• [Raw data]
################

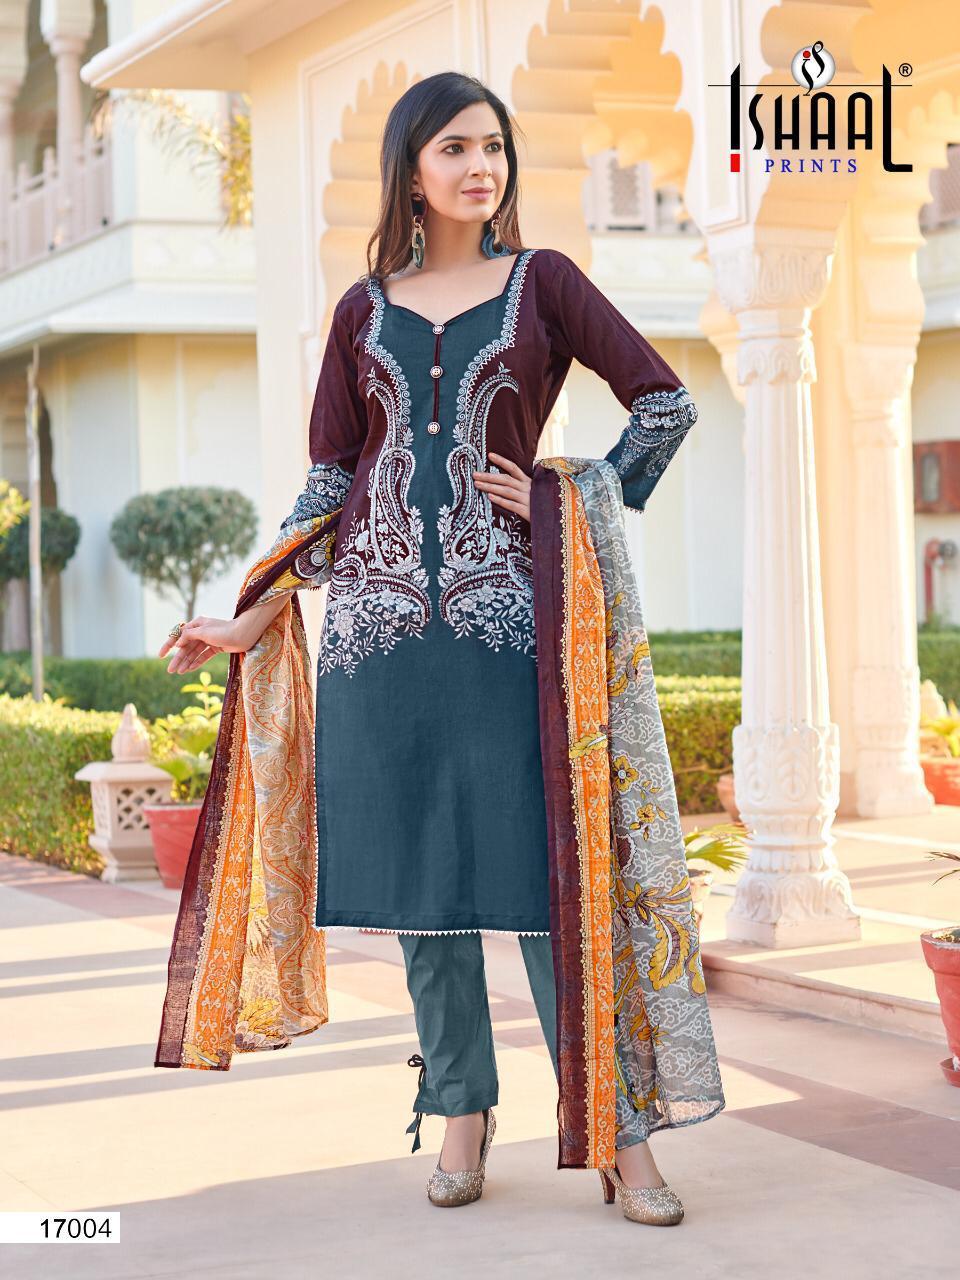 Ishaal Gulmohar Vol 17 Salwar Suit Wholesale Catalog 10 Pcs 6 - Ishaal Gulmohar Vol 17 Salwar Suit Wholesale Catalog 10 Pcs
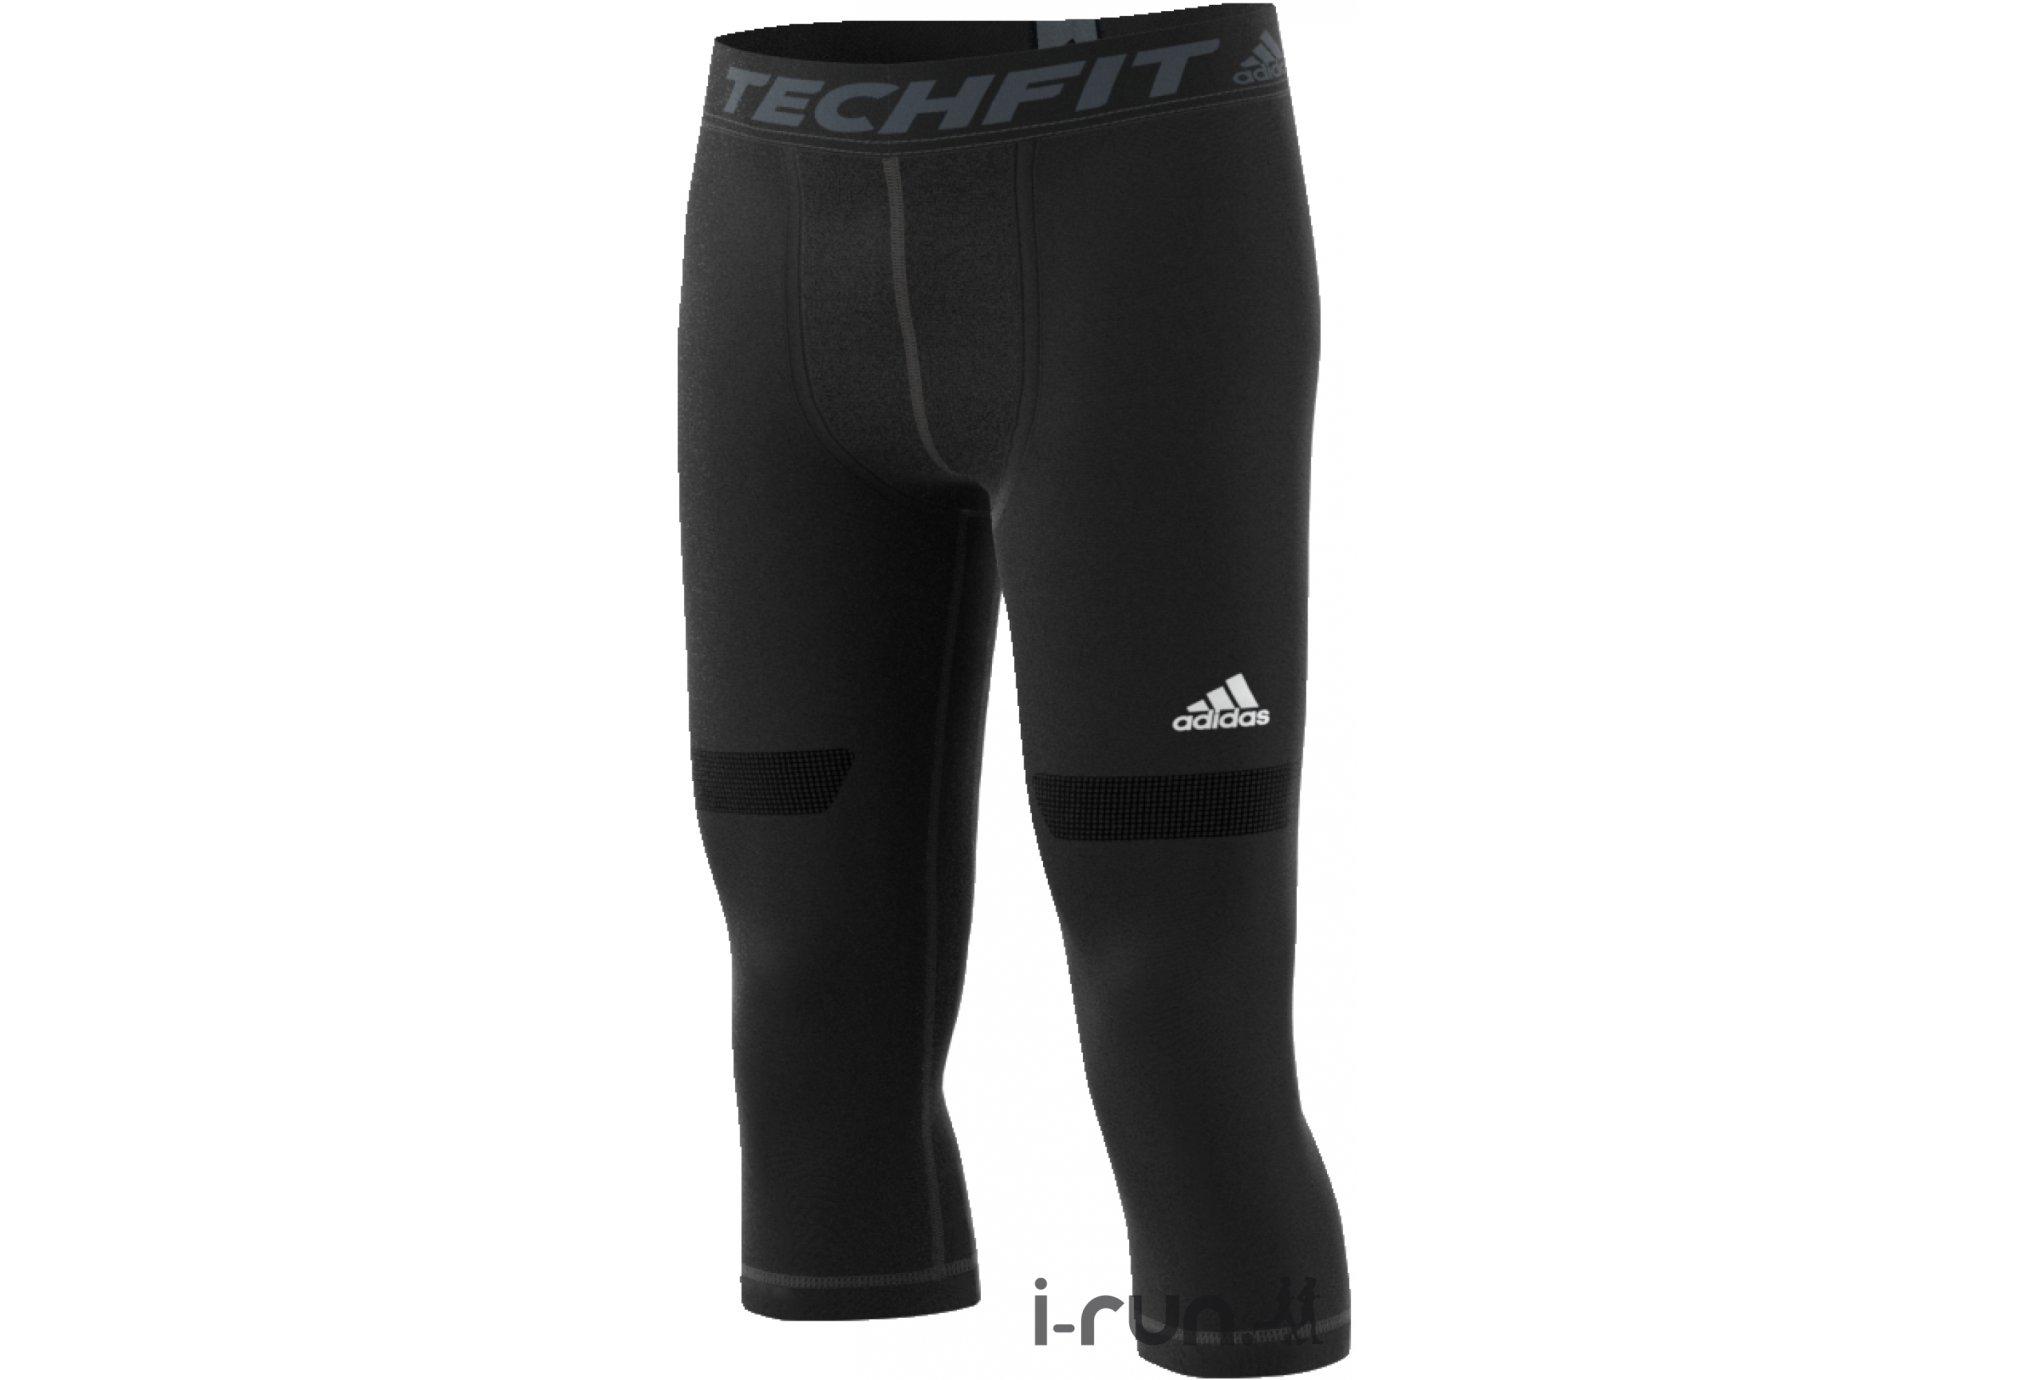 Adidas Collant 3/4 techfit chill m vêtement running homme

################

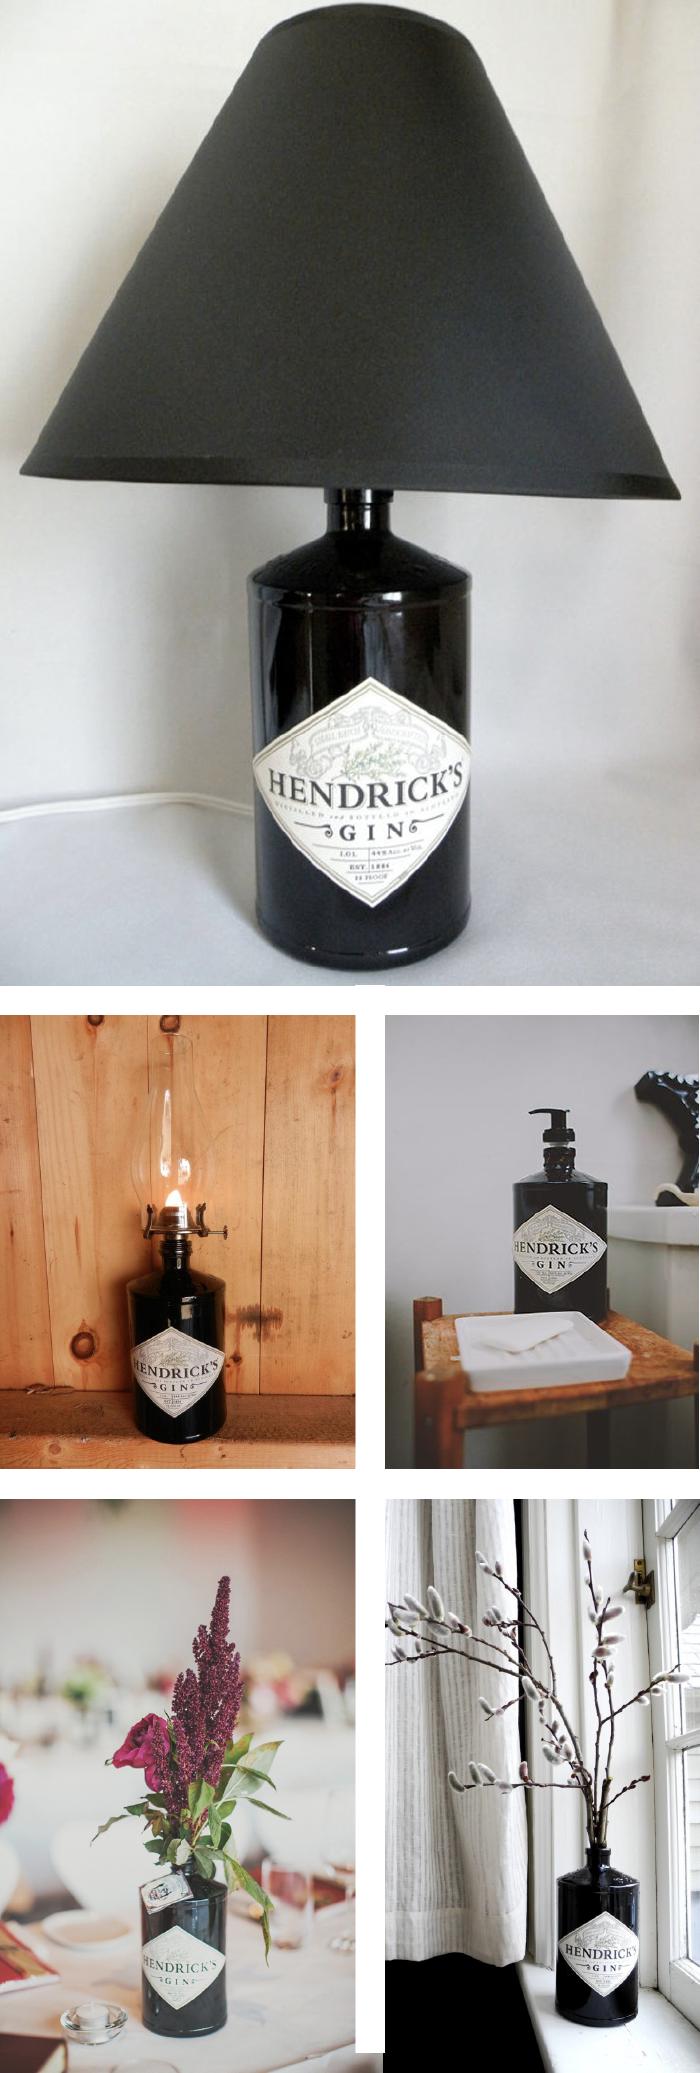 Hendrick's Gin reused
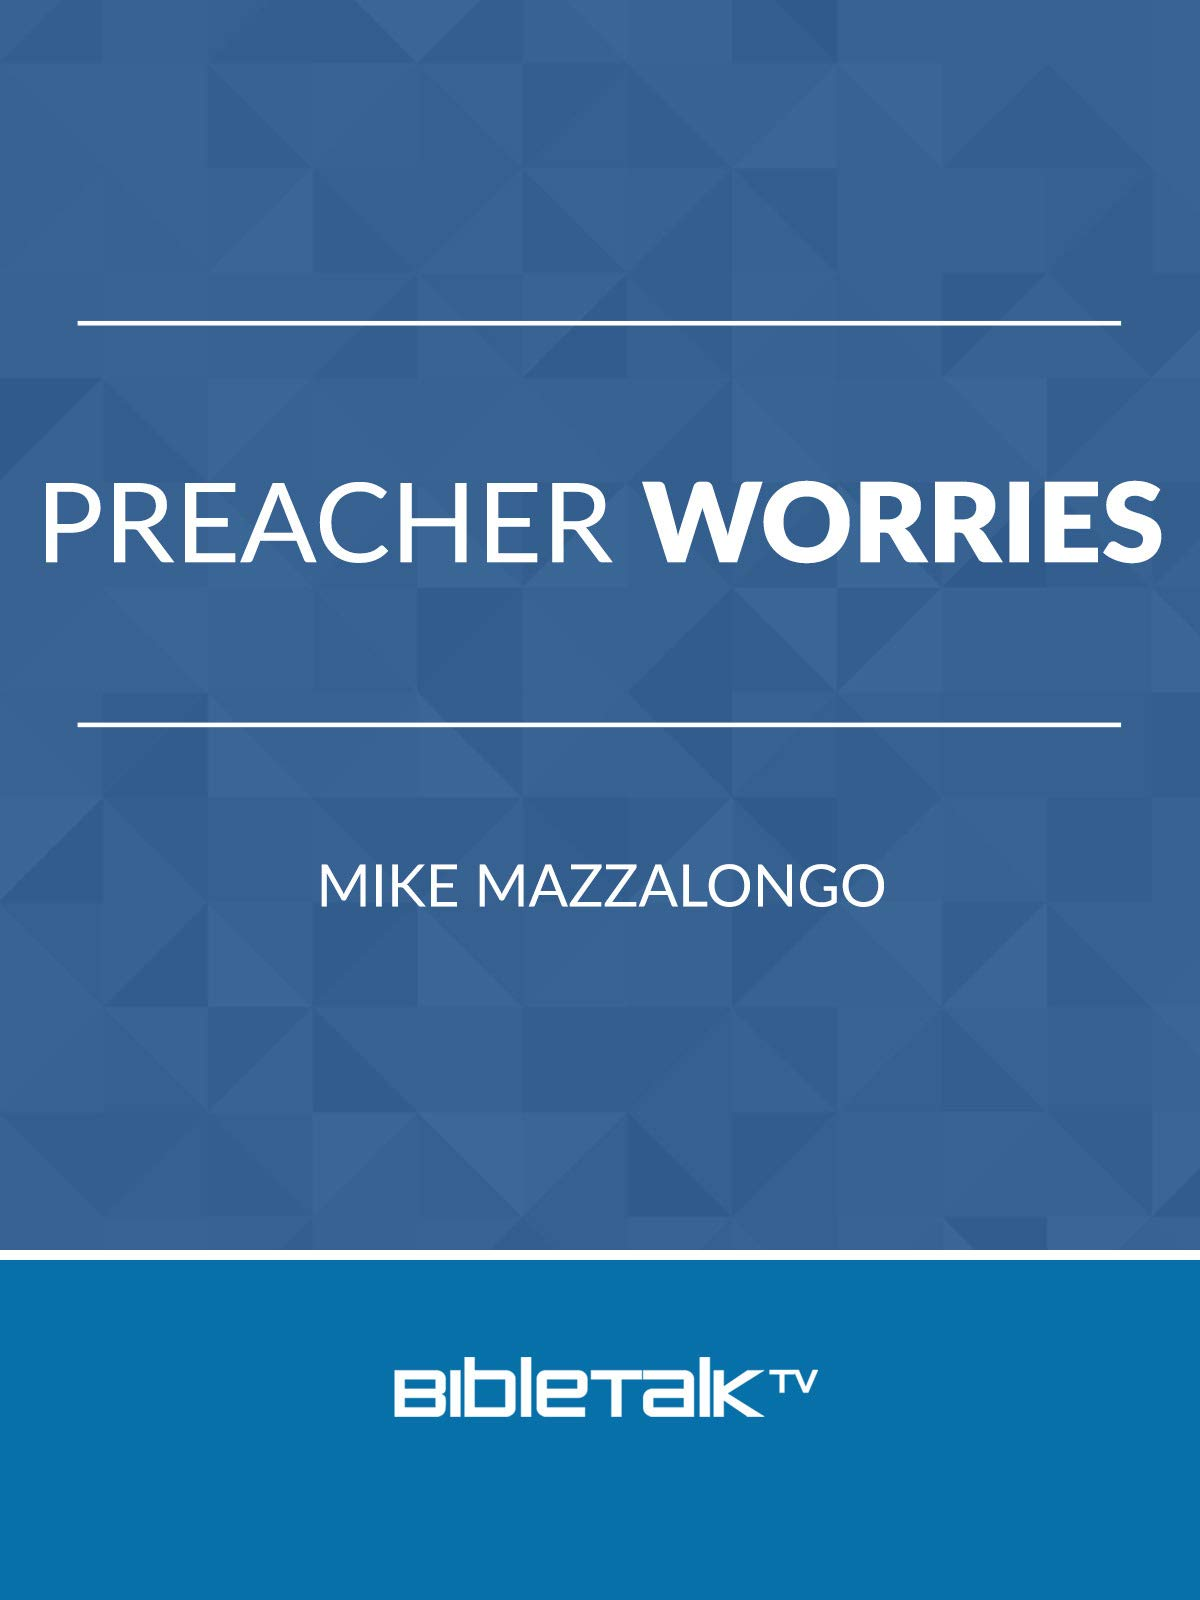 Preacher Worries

################

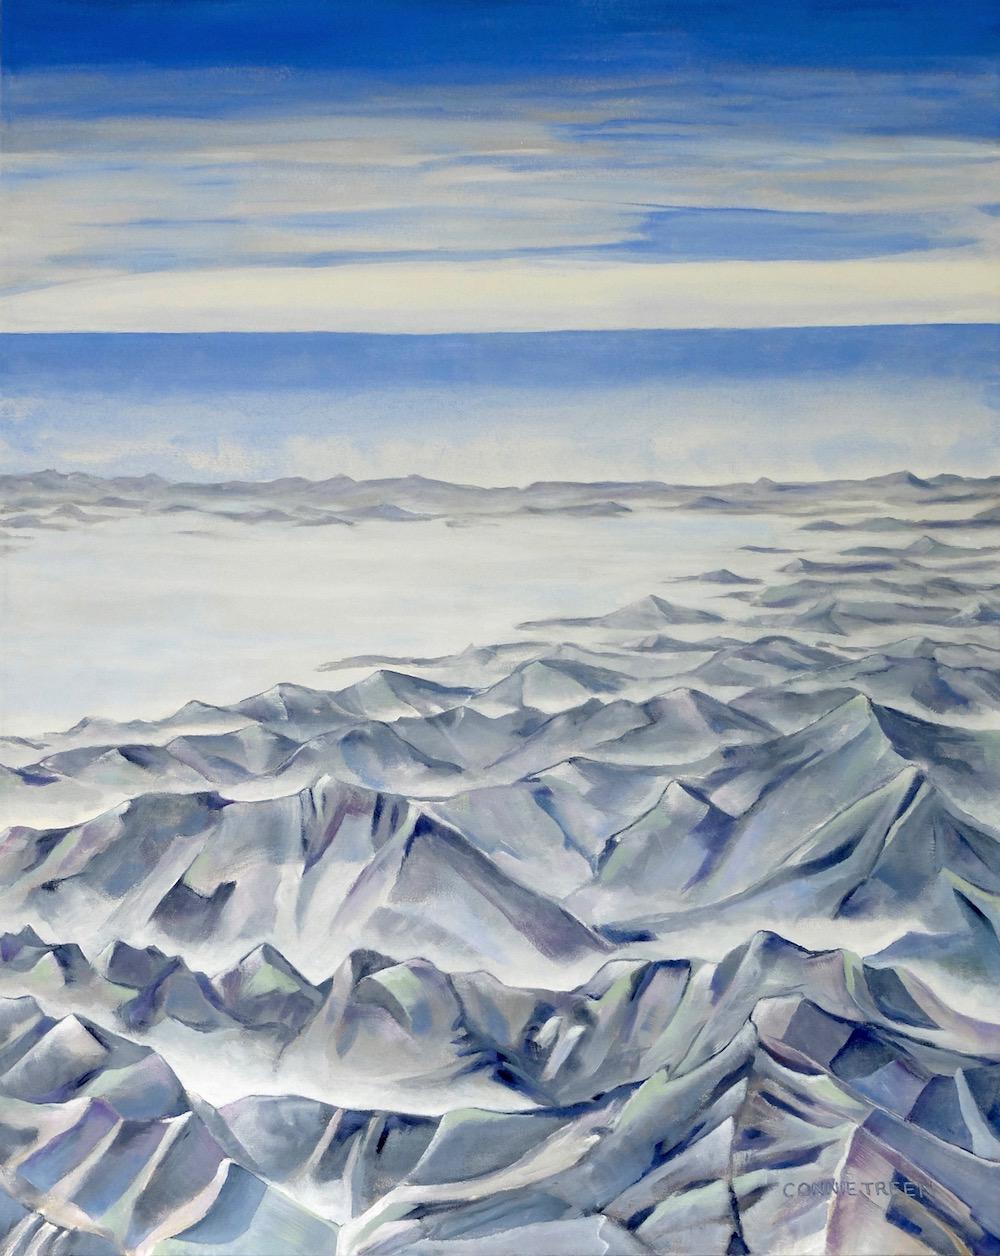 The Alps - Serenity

################

• [Aim of the exercise]
Within the listing above, the lines from the one with "Ishaal Gulmohar Vol 17 Salwar Suit Wholesale Catalog 10 Pcs 6" through the one with "Adidas Collant 3/4" are to be given again word for word. Do not include pictures.

• [Solved problem]
 Ishaal Gulmohar Vol 17 Salwar Suit Wholesale Catalog 10 Pcs 6 - Ishaal Gulmohar Vol 17 Salwar Suit Wholesale Catalog 10 Pcs
 Adidas Collant 3/4 techfit chill m vêtement running homme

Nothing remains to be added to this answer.